Li believes this made a difference:
That helped a lot to build up our own credibility of Lime Crime's fans in China. We could leverage existing Lime Crime fans, and then have them to participate on Revolve's official social account in China.
Revolve and Lime Crime settled on a launch strategy:
- It would be a phased approach
- Accumulate followers and make it fun
- Target your followers' followers
The launch had three phases. Here's my photo of phase one, "Build Seed Audiences."
On the right hand side, you can see an early success, a post on how to distinguish authentic Lime Crime products from fraudulent obtained 559K reads on Weibo.
For phase two, "Expand Audience Base," they sponsored the blogs of 20 key Chinese social influencers, sending them gift boxes of the most popular items. A product introduction by Chinese beauty blogger Naomi including a one hour live stream to introduce Lime Crime products which has 1,000,000+ views to date.
Phase three was the official product launch. Social fans were given a secret early access to launch products, with Revolve actively working with 2nd and 3rd circle influencers to help spread the word.
My take - why this worked, and how it applies to B2B
Walls added a key point:
Something that's come up several times is being a Western brand not wanting to be anything other than a Western brand. So one of the things that we started paying more attention to in our everyday activities was featuring makeup tutorials that show people who don't necessarily look like the typical Westerner to how to get the Lime Crime look. So we started shifting some of our content production and strategy around that, to show different eye shapes and different lip shapes and still achieve what is a very well defined Lime Crime look.

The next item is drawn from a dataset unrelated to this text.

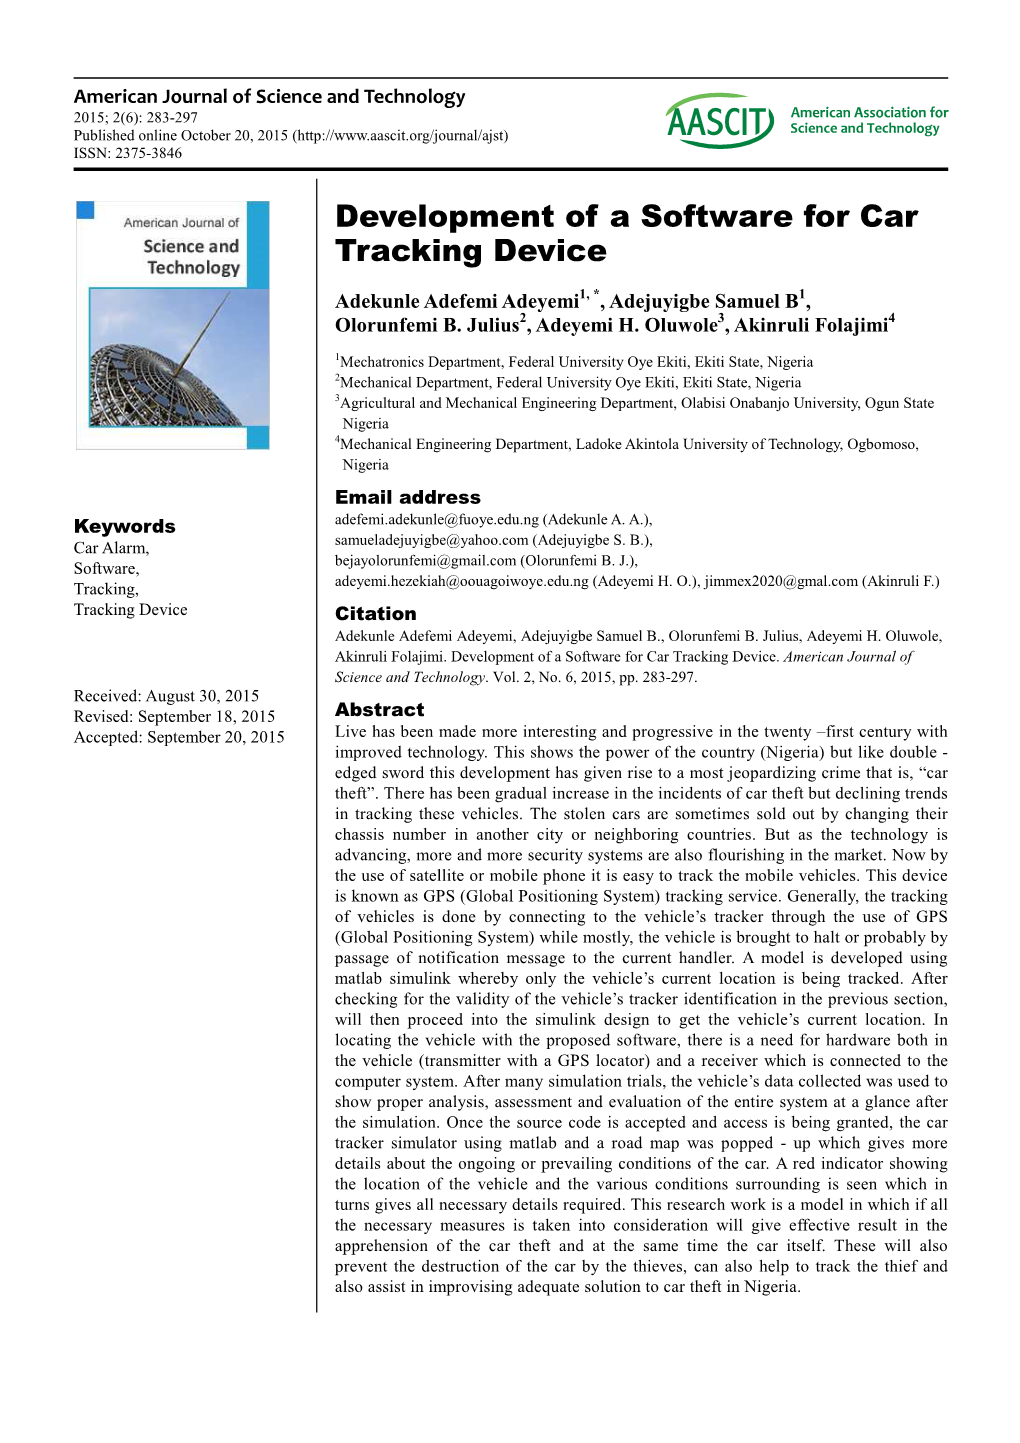 Development of a Software for Car Tracking Device

Additional launch lessons that jump out:
- Sophisticated tracking of consumer touch points
- Savvy use of social influencers
- Lime Crime having a clear and refreshing brand appeal that stands out
- Choosing a partner that can deal with the trade obstacles and is trusted by cautious Chinese consumers
One of the intriguing things here is whether this use case is relevant beyond China. I'd say yes, but more for B2B than B2C. For example, in B2B circles we struggle with attribution, and properly weighting all the touch points. In response to an audience question, Li said the same:
Baidu is basically Chinese Google. Baidu attribution is last touch. In the U.S. or in the Western world we are moving on from last touch to multi-touch attribution... The question here is: if you use last touch attribution that basically means that customer made the purchase, but in reality we pay for email, we pay for search, we pay for social, and in multi-touch attribution really it tells me, which channel is more valuable than the other so I can prioritize my spending.

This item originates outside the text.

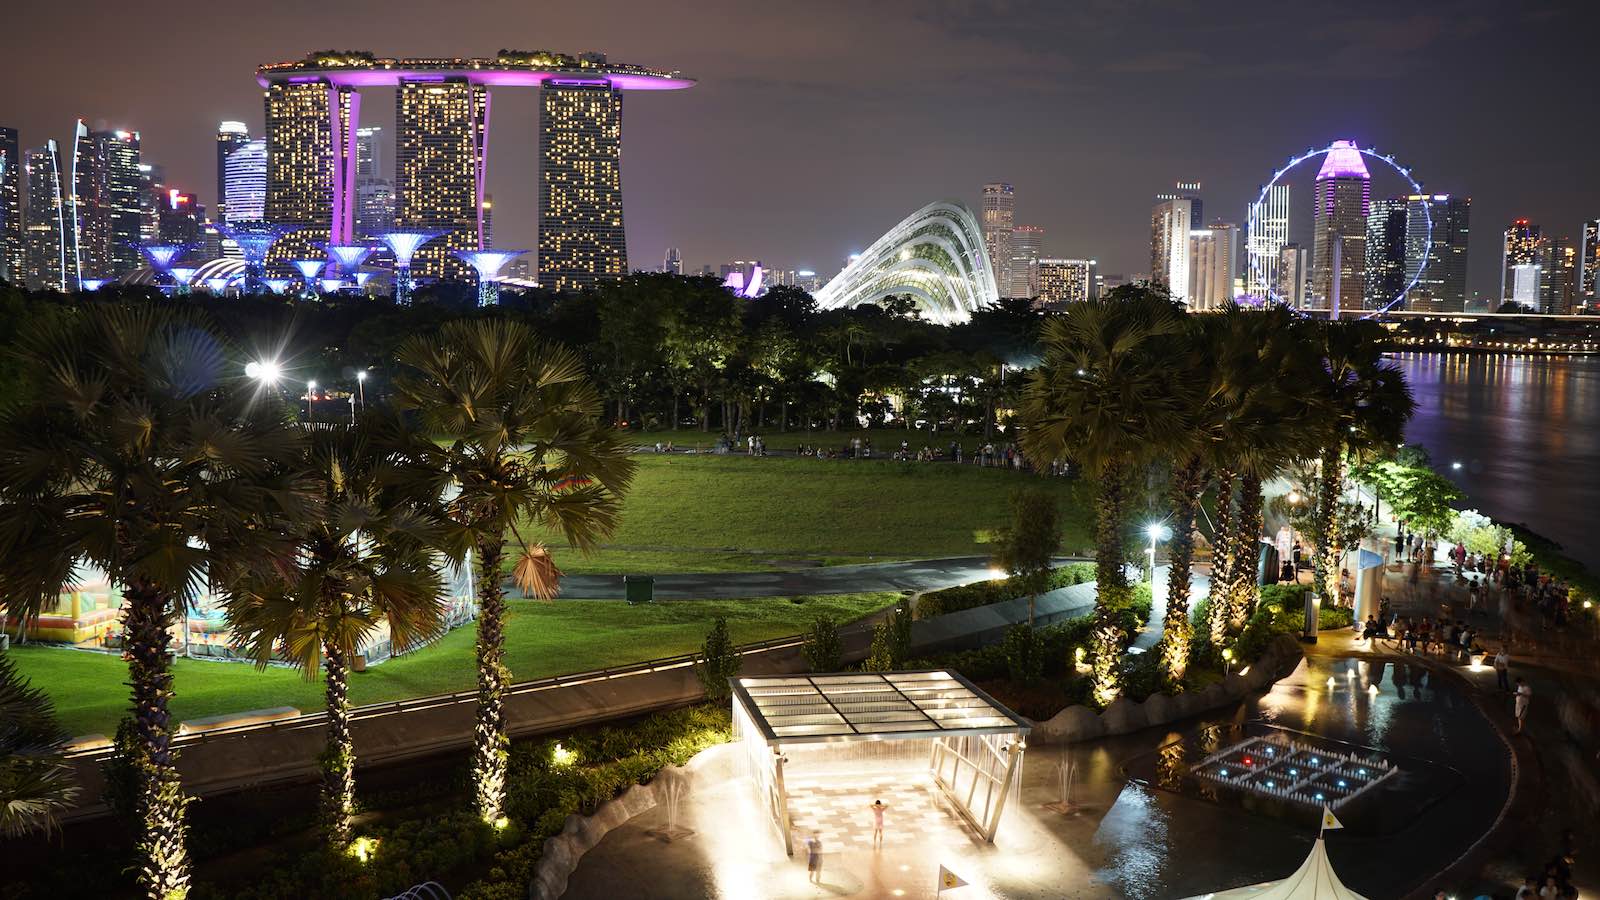 The picturesque Marina Bay Area in Singapore

Winning B2B customers is about reaching multiple influencers and a similar multi-touch is needed. We also need a way of tracking those touches, sometimes across "walled gardens" (LinkedIn, Facebook) where analytical data can be hard to come by, beyond a paid promotion.

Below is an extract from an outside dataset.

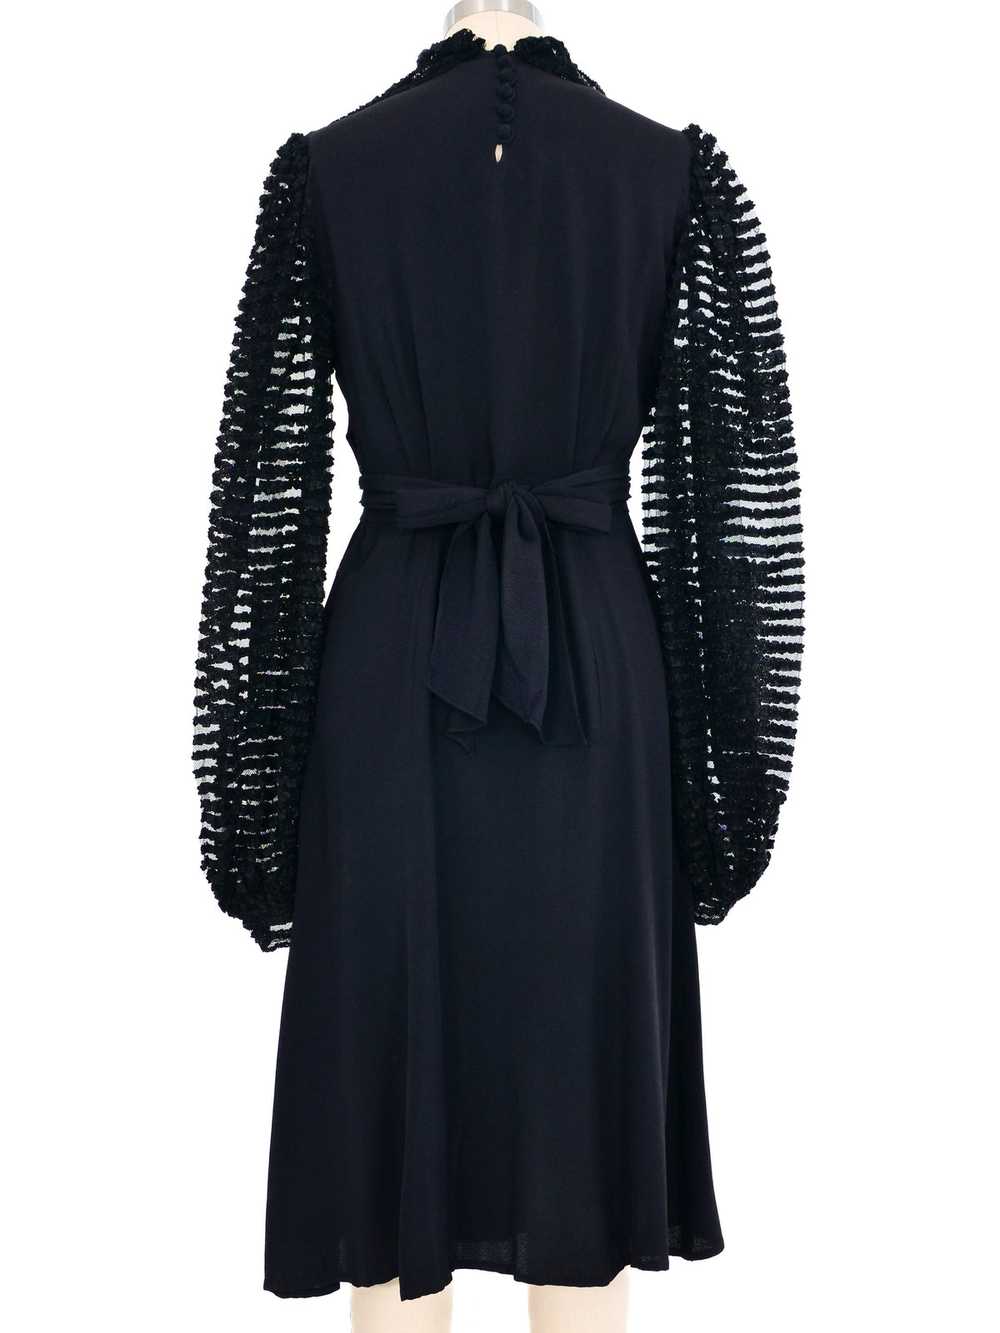 1940s Balloon Sleeve Lace Accent Crepe Midi Dress - image 8

B2B customer outreach - and trust building - is also about reaching influencers, though it's not as simple as paying them. If anything, you want to earn B2B influencer respect through an effective communications program. But the notion of reaching deeper into the circles of influence around a purchase resonates.
However, there may be less payoff for viral events in B2B. Sustained connections to influencers matters more than a big bang type event. Still, I found myself thinking that Chinese commerce is more similar than different. Those companies that establish value/relevance and yes, a bit of unconventional brand appeal have the edge - as long as they can do their best Amazon imitation and overcome buying friction.
For those curious on a deeper dive into Chinese e-commerce, GELF did a good job of presenting that content. I'll cover that in another Shop.org recap.